| |
|
Requirements
POP has been compiled successfully for
the Cray T3D machine, running UNICOS 9.0.2.4
and up to 1024 processors in parallel.
The following compilers must be present
in the system: cft77, cc, and cam. The
input data for initializing the model
are in the file initial.F, which can be
modified to suit your own purpose. Other
initialization data are in the set_*.F
files and the size of the grid can be
altered in params.H.
Running
the Software
-
Uncompress and untar the package POP.tar.Z
into your directory.
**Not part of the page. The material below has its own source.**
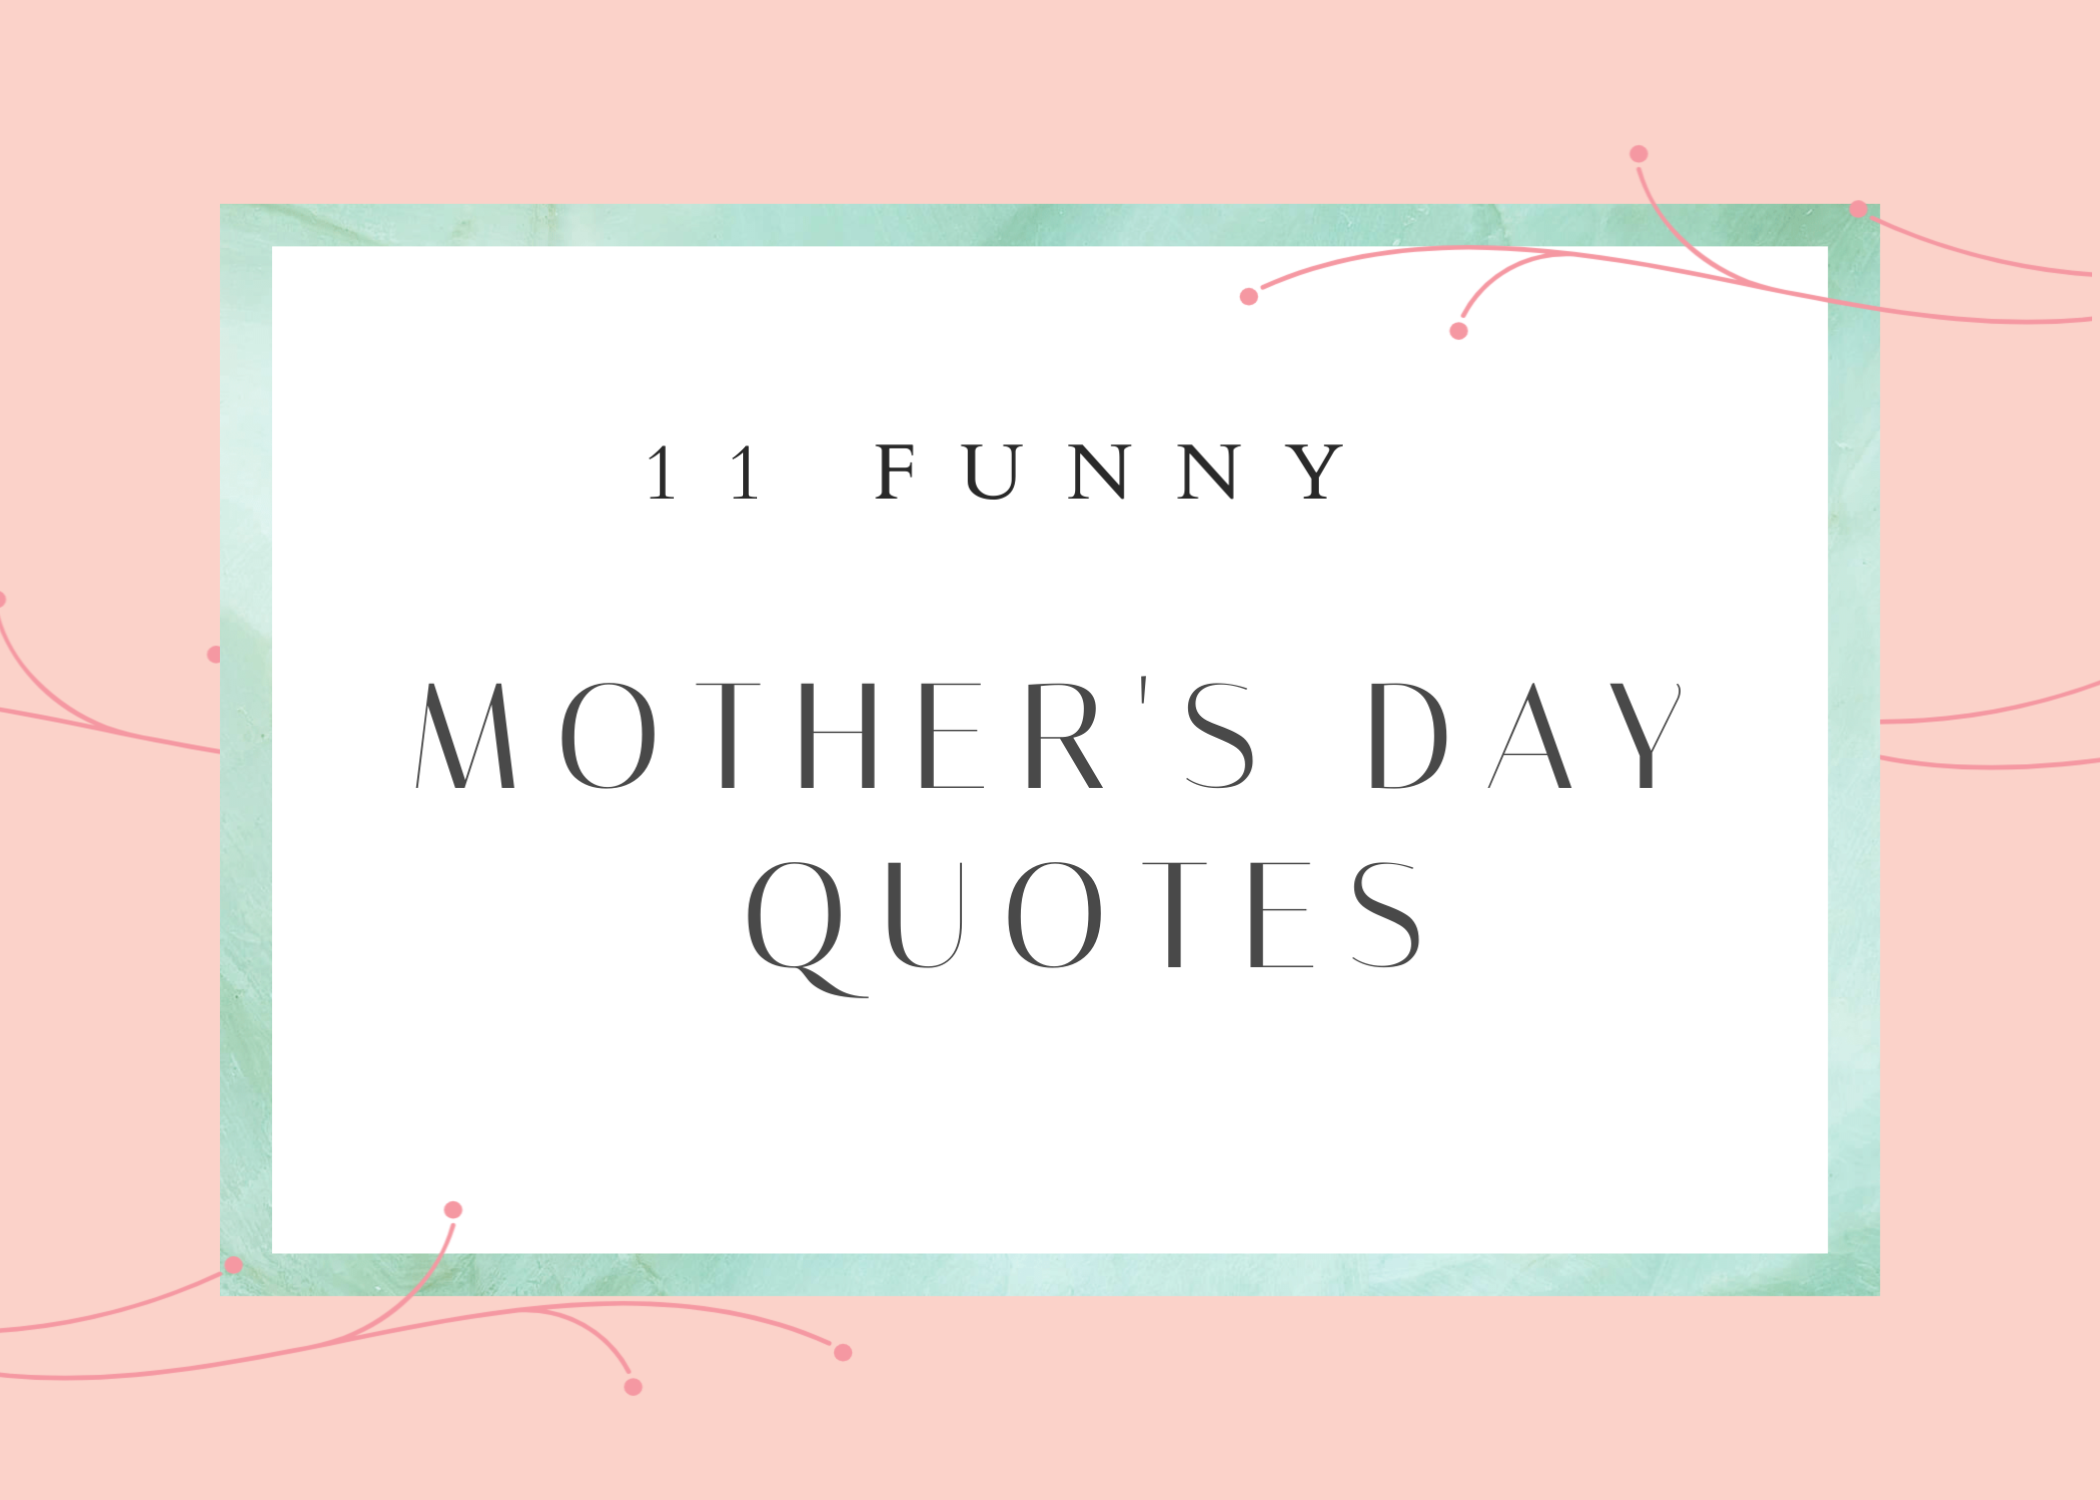 11 Funny Mother's Day Quotes to Celebrate Mom | Gourmet Meat & Sausage Shop

In the POP subdirectory,
edit the Makefile to tell the computer
where the paths are to your compilers,
and any other options you wish to compile
with.
-
Type
make. A selection of possible POP versions
will show up, and select the one you
desire.
-
The
compiled code, if successful, is named
"pop". You can then run the
code by typing: ./pop -npes # where
# is the number of PE's desired.
Timing
the Code
To get an estimate of the rate of the
program in gflops/sec, run the program
without the -Ta option (default), and
take note of the number of seconds in
Timer 1. Then turn on the apprentice option
-Ta, in the Makefile, compile the code,
run the program, and count the FLOPS as
specified in our webpage. The estimated
speed is given by the ratio of the above
two numbers. Note that the current default
local grid size is 64x32x20. For example,
based on 10 time steps and 50 iterations
(scans) with 64 processors, we obtained
the following table:
Gflops Time(sec) Speed(Gflops/s) Comments
14.79 42.63 0.347 Original
18.24 37.56 0.486 Mask on
18.24 28.52 0.640 Mask+BLAS
18.24 20.65 0.883 Mask+BLAS+compiler optimization
18.24 20.00 0.912 Full optimizationExplanation
of the comments:
-
Original means the code original code
as ported from the POP program for CM5
by Rick Smith at LANL.
-
Mask
on means the code contains routines
to mask off the land portion of the
(idealized) topography.
-
Mask+BLAS
means the code now includes BLAS routines
for speeding up the array computations.
-
Mask+BLAS+compiler
optimization means code is compiled
with the following options: -o aggress
-o unroll -o noieeedivide, and then
linked with -D rdahead=on.
-
Full
optimiziation means some loops were
manually unrolled and optimized in addition
to the above.
See
CRAY's Scientific Libraries Reference
Manual, publication SR-2081, for more
information on BLAS routines.
Diagnostic
Requirements
The POP comes with diagnostic routines
to check the accuracy of the output. These
can be turned on by setting -diagnostic=1
in the Makefile and then recompiling the
program. Make sure to type "make
clean" to clean out any old code
before recompiling. A sample diagnostic
output (from stdout) for 256 PE is given
in the file SAMPLE included in the distribution.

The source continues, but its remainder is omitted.